Our little Hav "Cubby" is 6 months old. He's a little spoiled as he is rarely left alone. If he is it's just for us to go shopping, or somewhere where he can't come with us for a short period of time. When he is left at home even if there is someone at home such as a family friend, relative etc. he will sit by the door and howl and whine for us. He might quiet down but is clearly unsettled and anxious. We are leaving for a one week vacation in February. Cubby will be staying at home with very familiar family members who are currently renting our basement, but I am worried that he will be extremely stressed while we are gone and possibly get ill. Is there anything I can do to help ease his separation anxiety from myself, my husband and our boys?

Sent from Petguide.com Free App


----------



## Colbie (Feb 9, 2013)

How about having him spend more time with your family member who will be watching him before the vacation. Start with a short period of time and gradually increase until he is comfortable with them.


----------



## Thumper (Feb 18, 2007)

Leave something that smells like you to comfort him, your pillow/pillow case, a blanket that you use. Gucci is the same way, honestly, I"m afraid to leave her with any friends because I'm not sure if they will still wanna be friends when we'd get back because she'd drive them bonkers crying for me.. I have left her a few times for short trips with family at home and she will still go sit at the door all night and wait for me to come home (so sad)...but she will sleep on my pillow and comforter.

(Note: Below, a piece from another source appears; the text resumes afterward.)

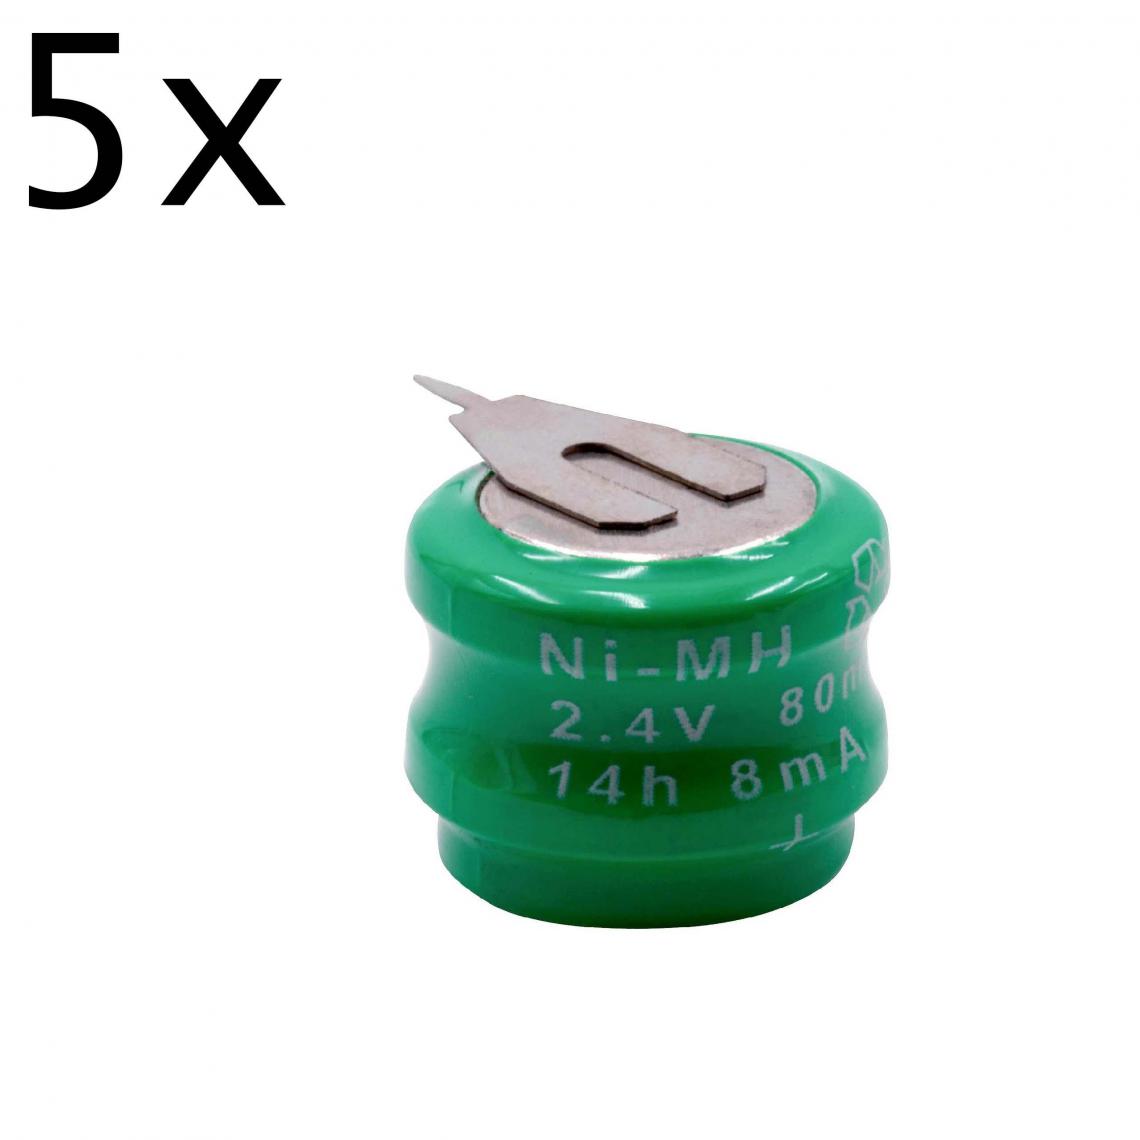 Vhbw - vhbw 5x NiMH pile bouton de remplacement pour type V80H 2 épingles 80mAh 2,4V convient pour les batteries de modélisme etc. - Autre appareil de mesure

Most trips we just take her and put her in the stroller when we go out, so that'd make it even worse if I left her now, her having have been on the last several trips..I've created a monster, no doubt.

Kara


----------



## krandall (Jun 11, 2009)

Colbie said:


> How about having him spend more time with your family member who will be watching him before the vacation. Start with a short period of time and gradually increase until he is comfortable with them.


And to add to this, I'd start having them do fun and stimulating things with him&#8230; not only caring for him, but, even when you are home, taking him for walks without you, taking him out in the yard to play without you, since they live in your home, even turn over all his feeding to them if you can. Anything to make them seem like the most fun people in the world!

Kodi doesn't stay with other people that often, but we've made sure that he enjoys those people so much that he thinks "PARTY TIME!!!" when we drive up to their house!!!  He's still thrilled to see us when we return, but he has a grand time with them.

But you have to really WORK at it ahead of time for it to be something the dog looks forward to instead of getting stressed about. It doesn't happen on its own&#8230; especially for the clingier types.


----------